VIC premier samples new VR tour of Auschwitz

Premier Daniel Andrews (left) speaks with Holocaust survivor Szaja Chaskiel about the virtual reality project the Shoah survivor narrated. Photo: Peter Haskin

“A PROFOUNDLY moving experience” is how Premier Daniel Andrews described to The AJN his sampling of a new virtual reality (VR) tour of Auschwitz that will help future generations understand the horror of the Holocaust.

At the Jewish Holocaust Centre (JHC) on Wednesday, the Victorian Premier was given the opportunity to don a headset and experience a sample of ‘Walk With Me’, the VR tour, which was narrated by Melbourne Auschwitz survivor Szaja Chaskiel, now 89, and produced by filmmaker Danny Ben-Moshe.

Attendees at the launch of the VR project, including Jewish community and political figures, watched on a large screen what Andrews was seeing through his VR goggles.

On a visit to the Jewish Cultural and Arts Precinct, which included opening a new wing at Sholem Aleichem College, Andrews announced a state government grant of almost $126,000 to complete the VR testimony project after an initial grant of $30,000.

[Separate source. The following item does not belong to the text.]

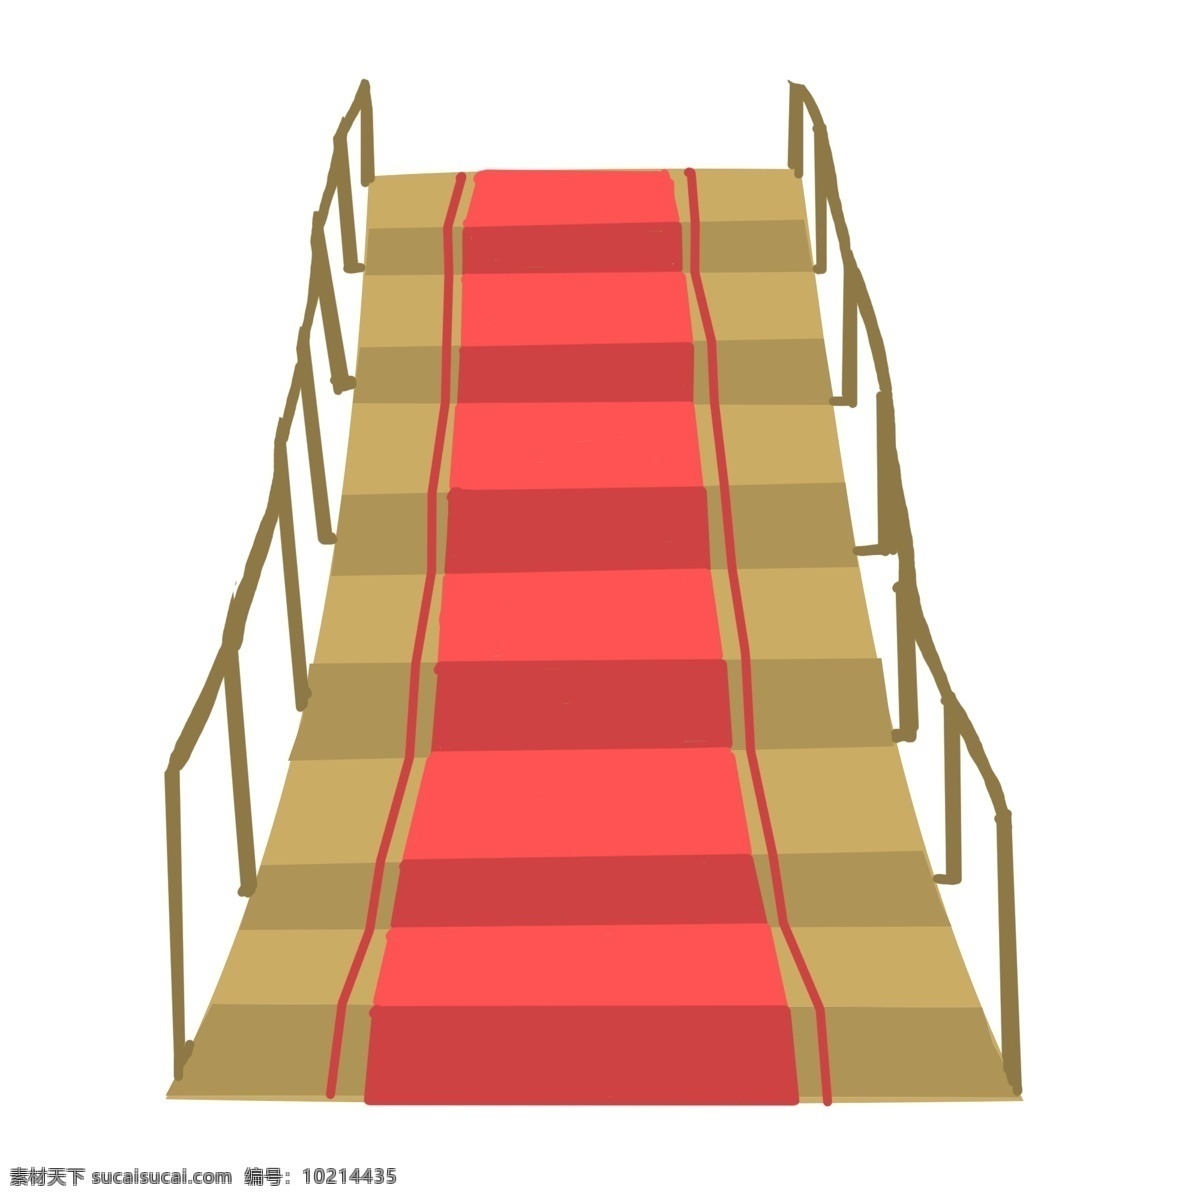 棕色 长长 楼梯 插图 红色地毯 棕色楼梯 漂亮的楼梯 卡通设计 棕色扶手 卡通插图 向上的楼梯

The VR tour the Premier experienced included the former site of Auschwitz’s crematoria and the crowded children’s barracks.

“That’s a profoundly moving experience – to be there and, as the title of the film indicates, to walk with someone who survived that horror is a very emotional thing,” Andrews told The AJN.

Describing Chaskiel’s involvement as “a very generous gift” to posterity, the Premier reflected, “It’s a big job to make sure that these stories continue to be told; that you can have that very raw emotion and that authenticity that comes from someone who was there and marry that with the best of technology … It’s more than just testimony.

“We’re always looking to make sure that our multiculturalism, our history, the values we hold dear, of inclusion and acceptance, of harmony and safety are properly promoted. You can’t understand how important that is if you don’t reflect on terrible times, the worst of times in our shared history,” he said.

Chaskiel, a teenager when he survived Auschwitz, greeted the Premier at the JHC and lamented to him about the rise in Holocaust denial.

JHC director Jayne Josem said, “We took a risk and flew with a survivor to Europe – just myself and a small film crew. Szaja was 87 and we couldn’t wait for funding. We filmed him with a 360-degree camera in his home town in Poland, and in Lodz Ghetto, Auschwitz and Buchenwald camps.”